Tuesday, 12 July 2022

Brian and Charles

You might have heard the expression "Like a wet weekend in Wales" to signify dreariness.  The setting for this movie is very much from that idiom, the skies grey and threatening, the landscape bleak and foreboding, the rain never far off.   From this dismal background springs a fairy tale for the twenty first century.  And, like most fairy tales, with an element of morality at it's heart.

Middle aged Brian (David Earl) lives, alone, lonely and off-centre, in a remote farmstead in the Welsh mountains, and makes for his lack of human companionship by inventing (and eating a lot of cabbage).  Using whatever bits and pieces he has lying around, or garners from the rich source of fly tipping, he comes up with the weird and the wonderful and the downright dangerous.  Anyone need a belt to carry their eggs in?  And if one fails, then there's always something else to have a go at.  Brian has a fertile imagination.  Heath Robinson meets Wallace and Gromit.
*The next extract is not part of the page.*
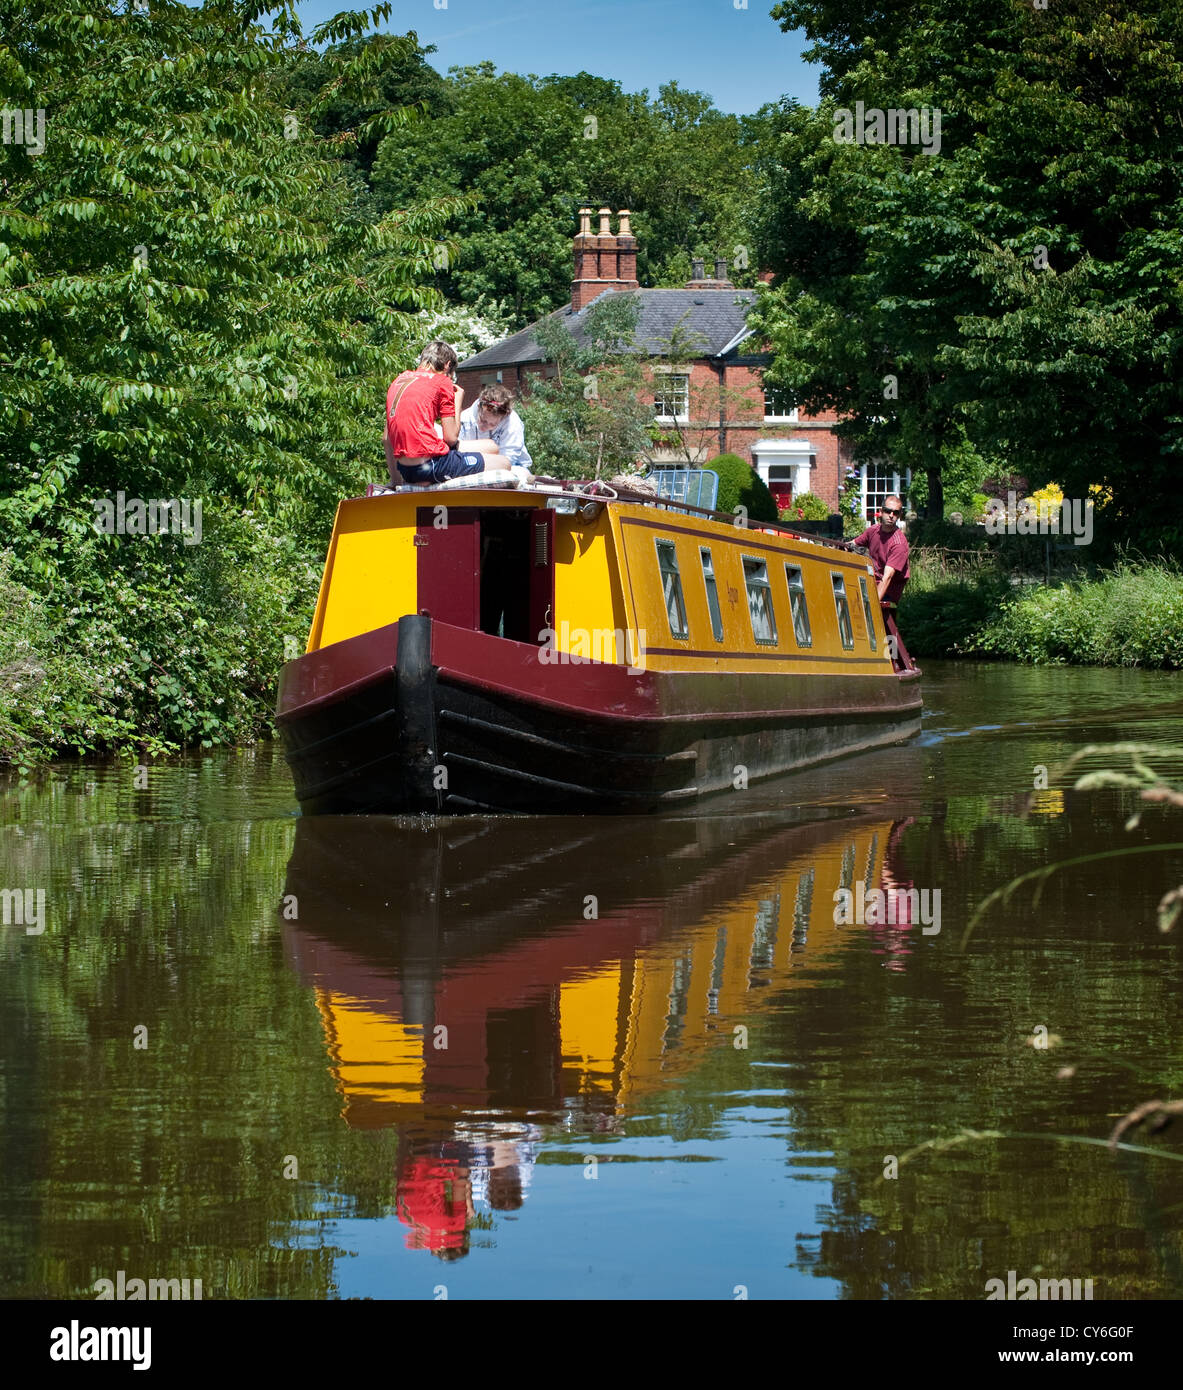 Canal boat and Poacher's Pocket Pub on the Llangollen Canal, shropshire, England Stock Photo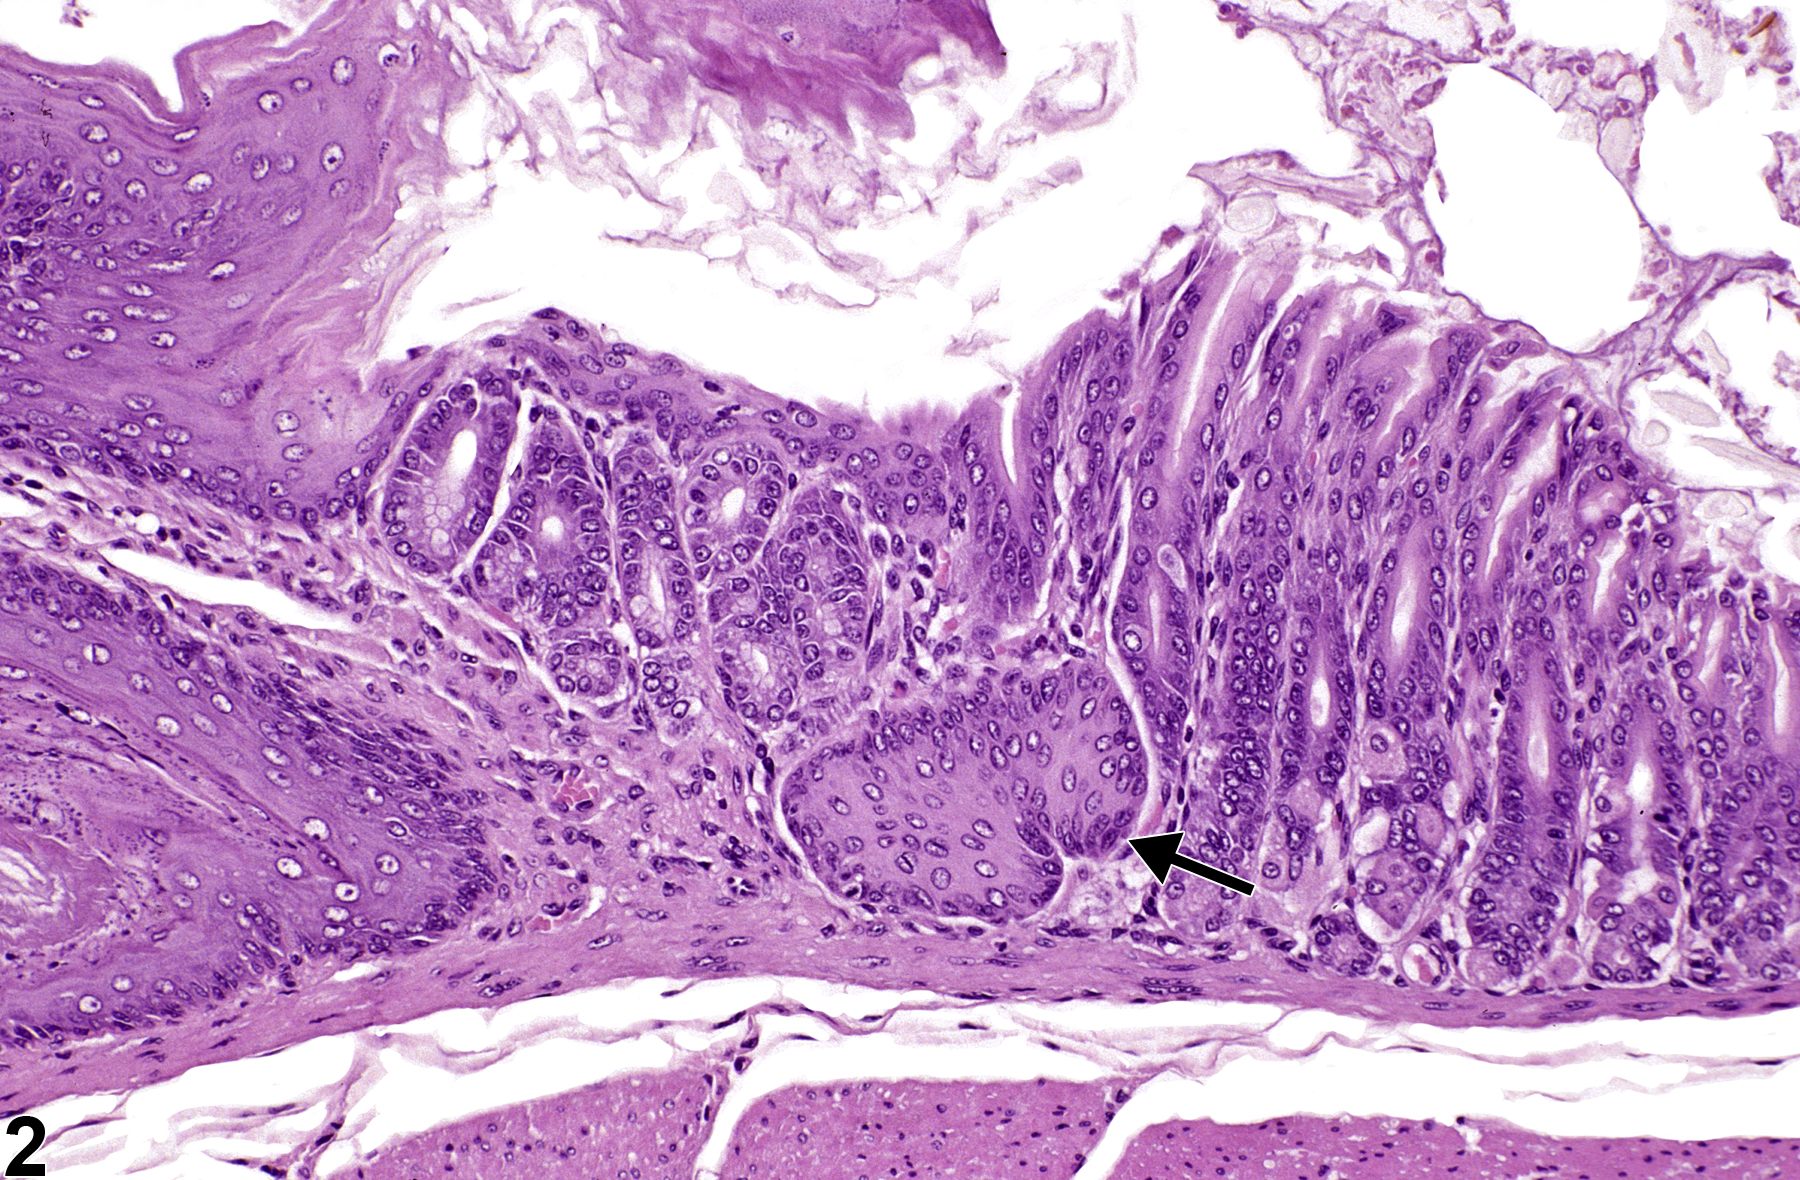 Image of metaplasia, squamous in the glandular stomach from a male B6C3F1 mouse in a chronic study

His most ambitious project is a robot, with artificial intelligence.  The head of an old shop window mannequin, the body of a busted washing machine, random bit of this and that and, hey presto, Brian finally has a friend.  Charles Petrescu (Chris Hayward) turns out to be every bit as eccentric as his creator, and far more prone to getting into situations.  Eddie (Jamie Michie), the local bully, threatens, while Brian finds the android an aid to developing a stuttering relationship with the equally lonely and downtrodden Hazel (Louise Brealley).

It's shot as a sort-of of mockumentary, but doesn't cling slavishly to the format.  This is a free form low budget kind of a film, and that's a big part of the charm.  There's romance, bromance and, as the Film Board suggest, 'mild threat'!  Suspend disbelief, go with the fantasy, and there are plenty of laughs, a redemptive storyline and lots of daftness.  And if you're looking for a moral, then the message that human relationships, and love, can take many forms is something we all need reminding of.

If you do go to see Brian and Charles, and I think you should, do yourself a favour and stay right through the credits at the end.  You'll be rewarded, visually and aurally, for your wait.